*PROVIDED DATA*
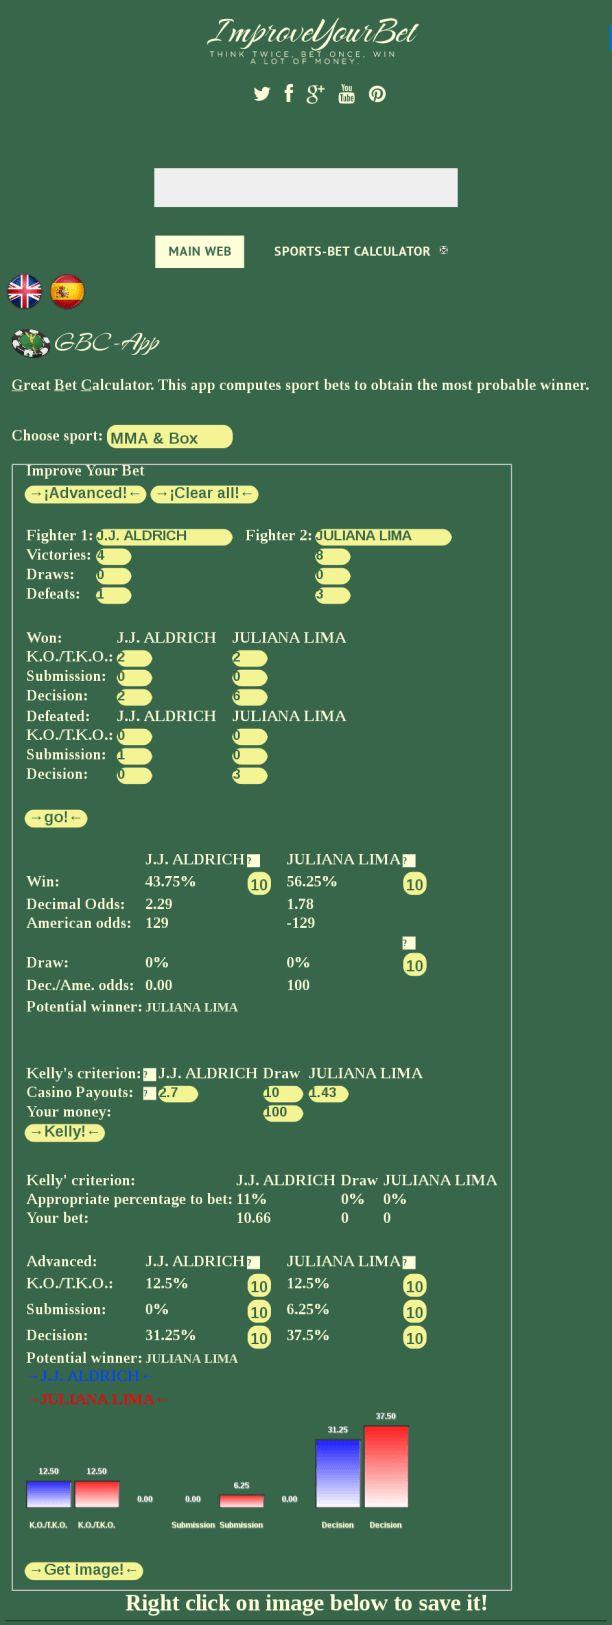 ufc-fight-night-forecast-and-predictions-juliana-lima-vs-j-j-aldrich
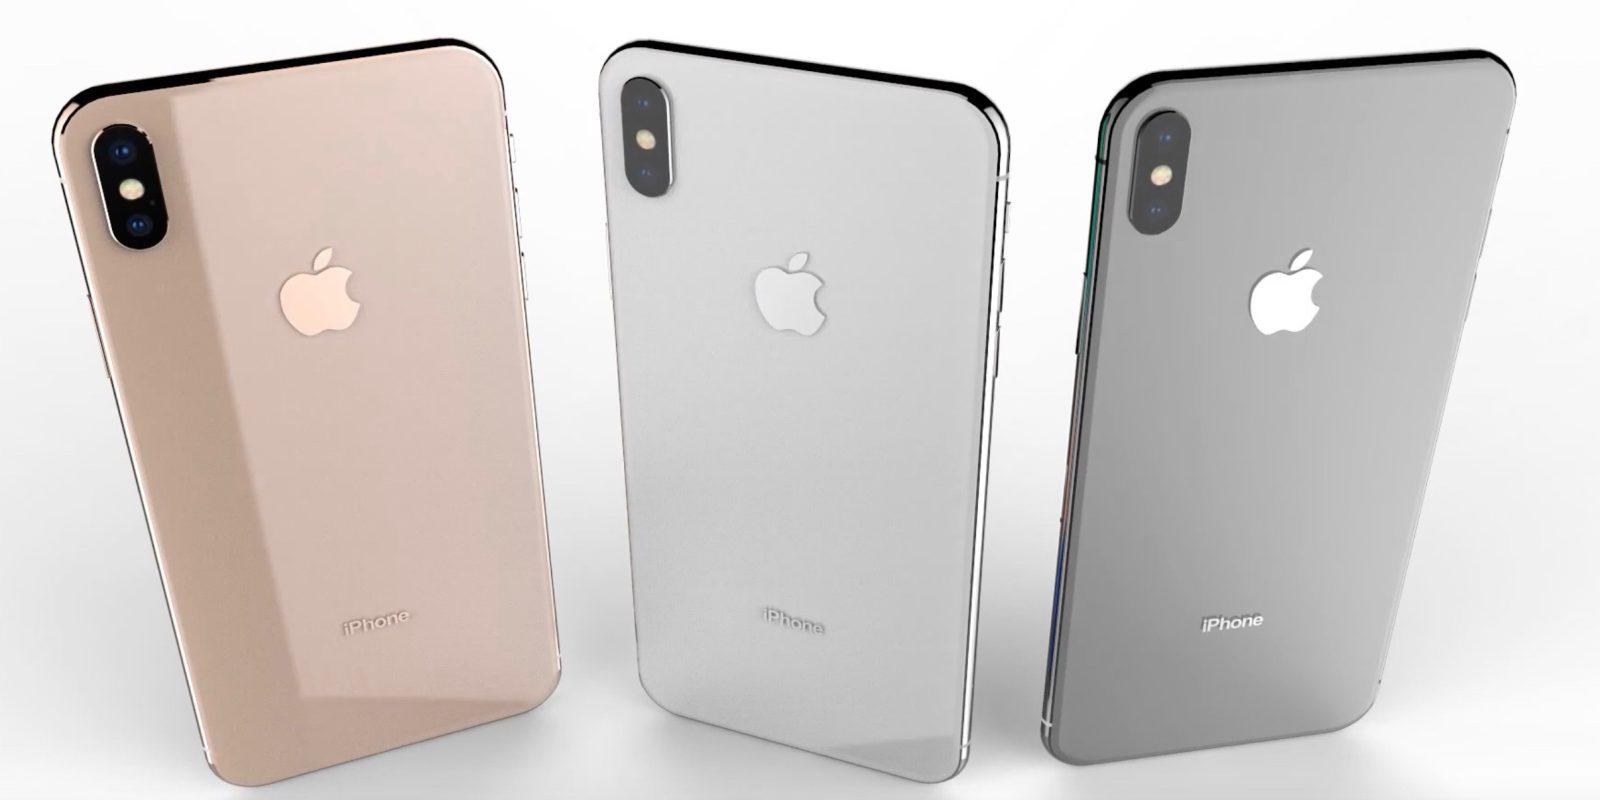 Cand apare iPhone X Plus » pret posibil in Romania si imagini noi
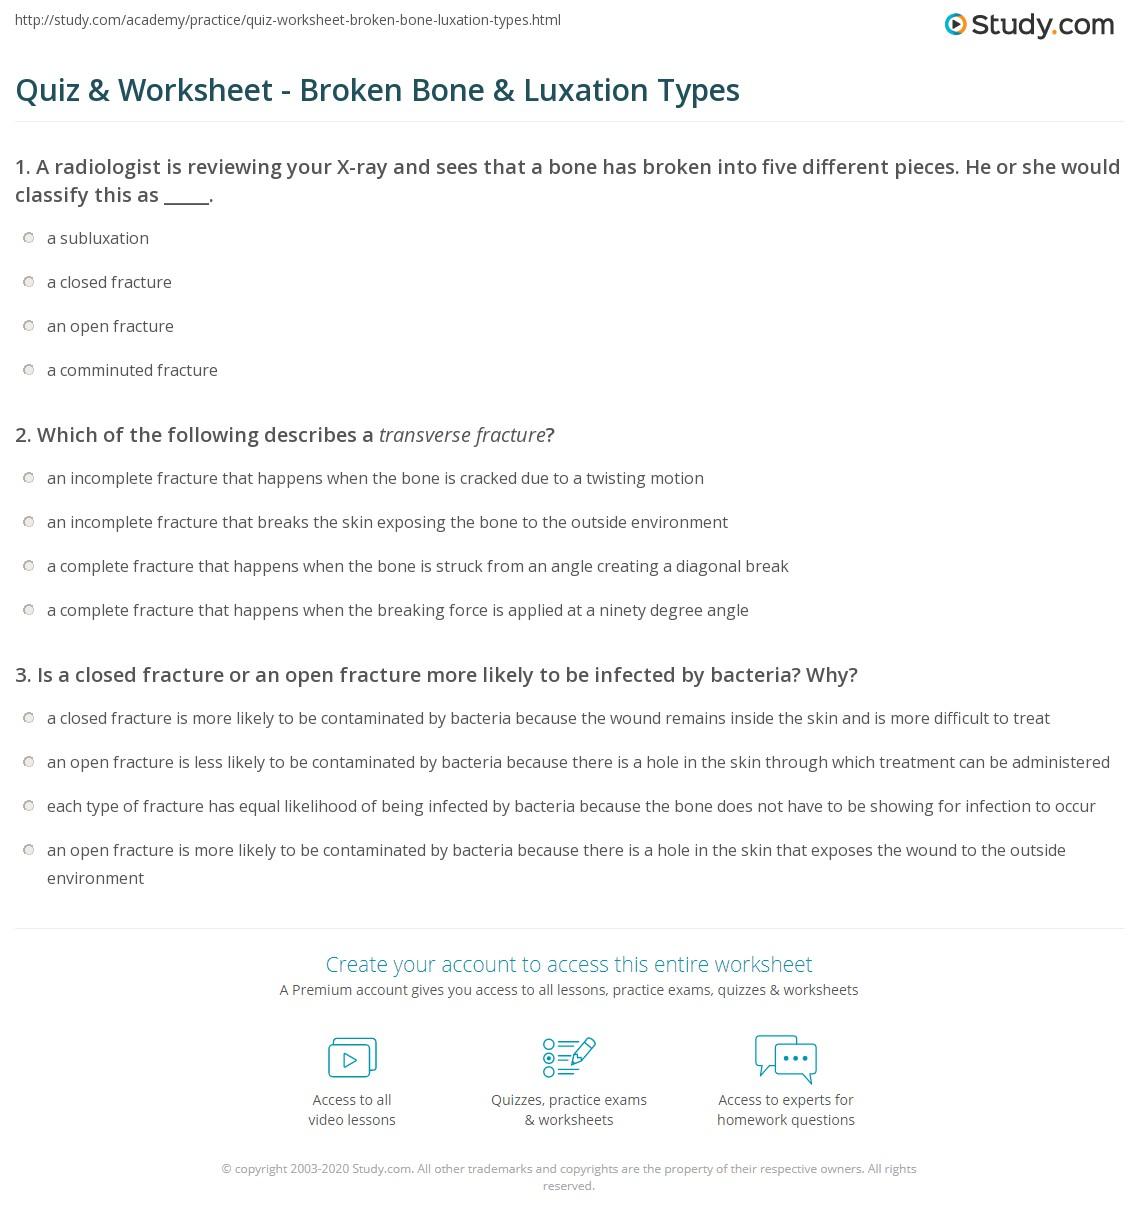 quiz worksheet broken bone luxation types. Black Bedroom Furniture Sets. Home Design Ideas

*EXERCISE REQUIREMENTS*
The data above must be written out again word for word, without its pictures.

*ANSWER FOR THE TASK*
 ufc-fight-night-forecast-and-predictions-juliana-lima-vs-j-j-aldrich
 Cand apare iPhone X Plus » pret posibil in Romania si imagini noi
 quiz worksheet broken bone luxation types. Black Bedroom Furniture Sets. Home Design Ideas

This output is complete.